There is a new SAT score that colleges will see on your student’s college applications this fall and beyond. The Environmental Context Dashboard (aka, The Adversity Score) has quietly been used by a few colleges (including Duke, Yale, and Florida State) but many more colleges (100-150) will be seeing this score in the 2019-2020 admissions cycle.
As the debate continues over the predictive value and fairness of the test, the SAT’s intent is to offer colleges information about a student’s socioeconomic and educational environment; thereby helping colleges understand how much of an achievement a student’s SAT score is in light of their background. Students, parents, and high school counselors, however, will not be able to see the score attached to students’ files.
How is it calculated? The ECD index has three components (see photo below). The first attempts to put SAT scores in context using the 25th, 50th, and 75th percentile of SAT scores from the student’s high school (3-year average). The second includes information on the high school, including senior class size; percentage of students who meet federal eligibility criteria for free and reduced-price lunch; rurality/urbanicity; and average first-year SAT score of colleges students from that high school attend, the percentage of seniors taking an AP Exam, average number of AP Exams taken, average AP score from that high school, and the number of unique AP Exams administered at that high school (3-year average).
Finally, the score considers contextual data on the neighborhood and high school environment, measuring both the neighborhood and high school environment that the student comes from. This information includes Median Income & Poverty, Single Parent Households percentage, Education Levels, Housing Statistics, and FBI Crime Statistics, and is calculated using data drawn from a combination of publicly available sources (e.g., NCES and U.S. Census Bureau), and aggregated College Board data. The neighborhood and high school measures are rated on a nationally normed scale between 1 and 100. The two scores are averaged to get the ECD index score, with 1 indicating low “adversity” and 100 meaning the most.
Every student in the same neighborhood gets the same score, and every student in the same school gets the same score. However, the Dashboard and resulting index are currently only visible to colleges.

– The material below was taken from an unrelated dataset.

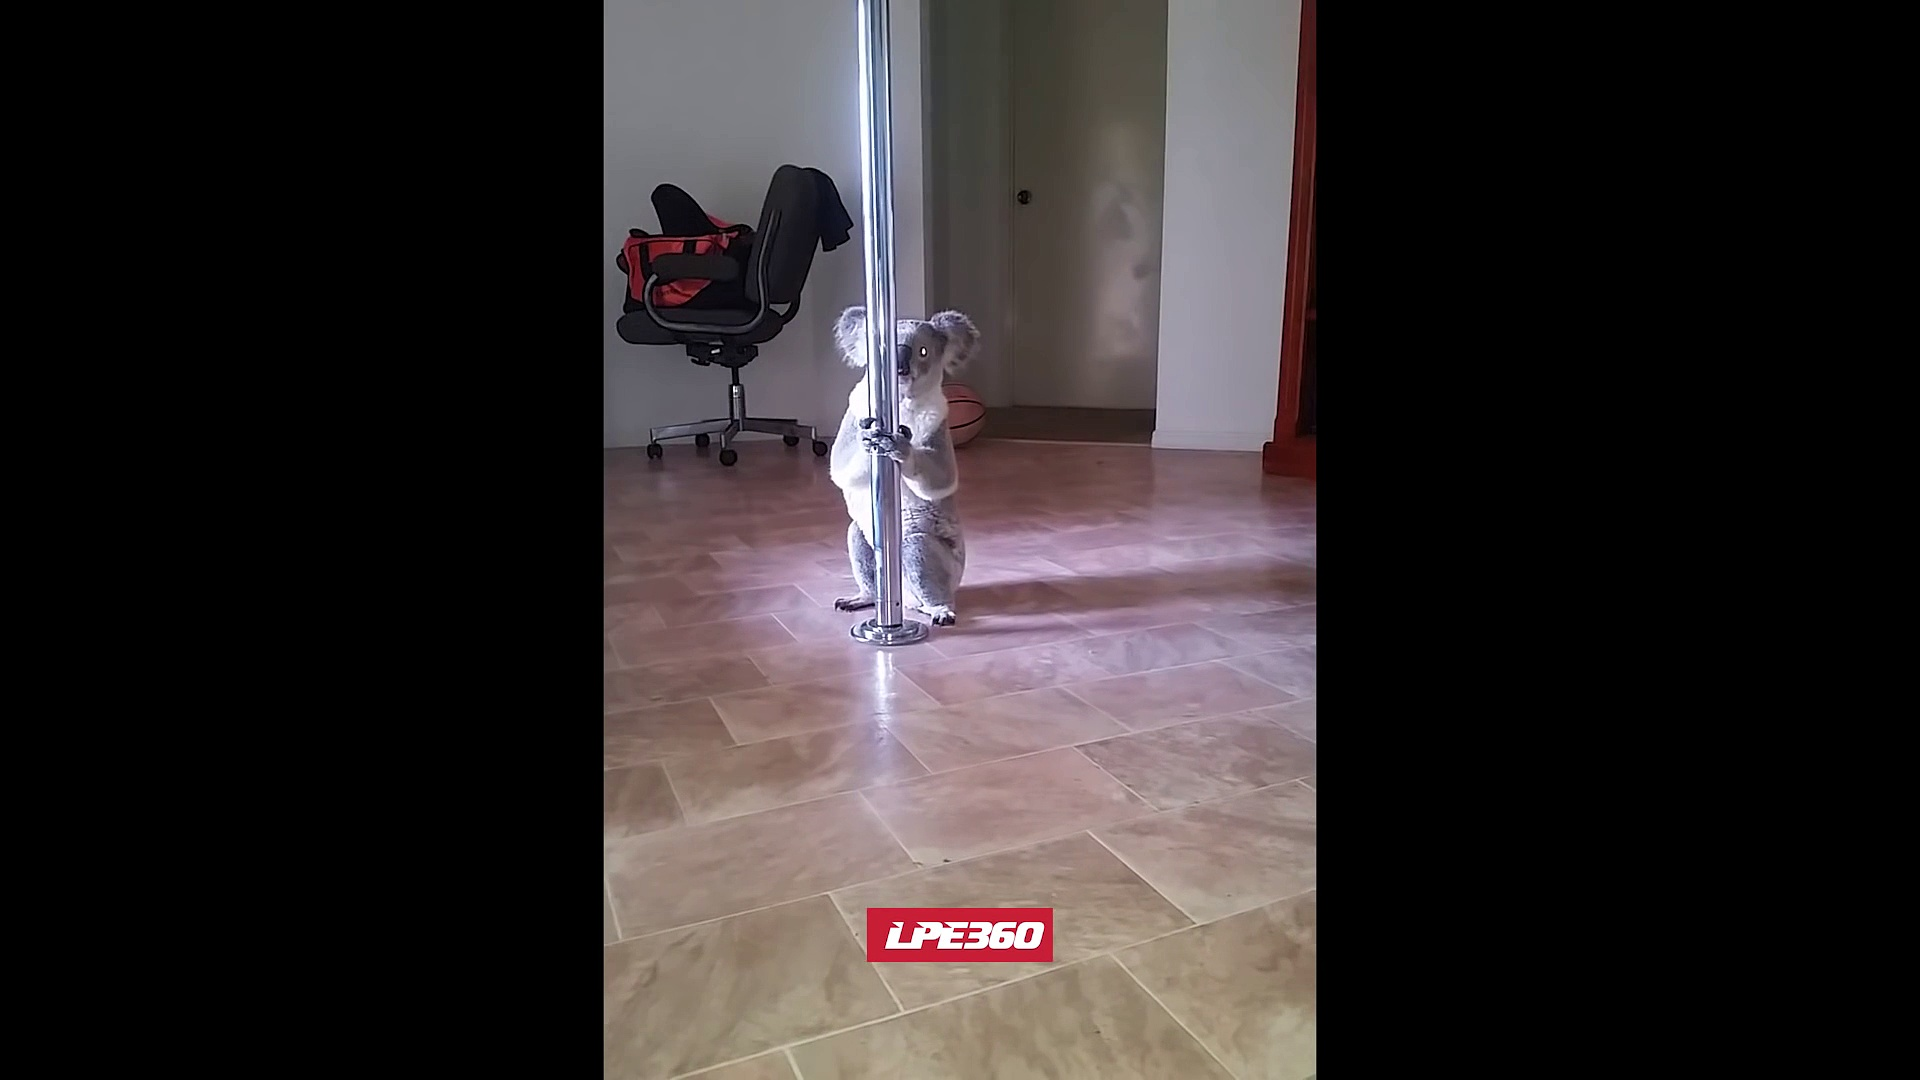 Ce koala fait irruption dans la maison d'une femme et essaye pour la première fois le pôle dance.

Even though race is not a factor in the formula, colleges using it report that students with higher index scores are “more likely to be students of color” (John Barnhill, Florida State University’s assistant vice president for academic affairs). Proponents of the new index hope it will help colleges find “diamonds in the rough”, recognizing students relative achievement and potential for future success, instead of expecting all students to reach the same bar.
The index is not without its critics, including FairTest.org, with many questioning the need for a tool that runs the risk of being taken at face value without individual context. “Promotion of ‘adversity scores’ is the latest attempt by the College Board to defend the SAT against increasingly well-documented critiques of the negative consequences of relying on admissions test results,” according to Robert Schaeffer, Public Education Director of the National Center for Fair & Open Testing (FairTest). Others add, “If the score on your standardized test requires a separate algorithm to determine if the score is actually a valid measure of ability, then perhaps it’s time to fix the test itself rather than contextualize its scores.”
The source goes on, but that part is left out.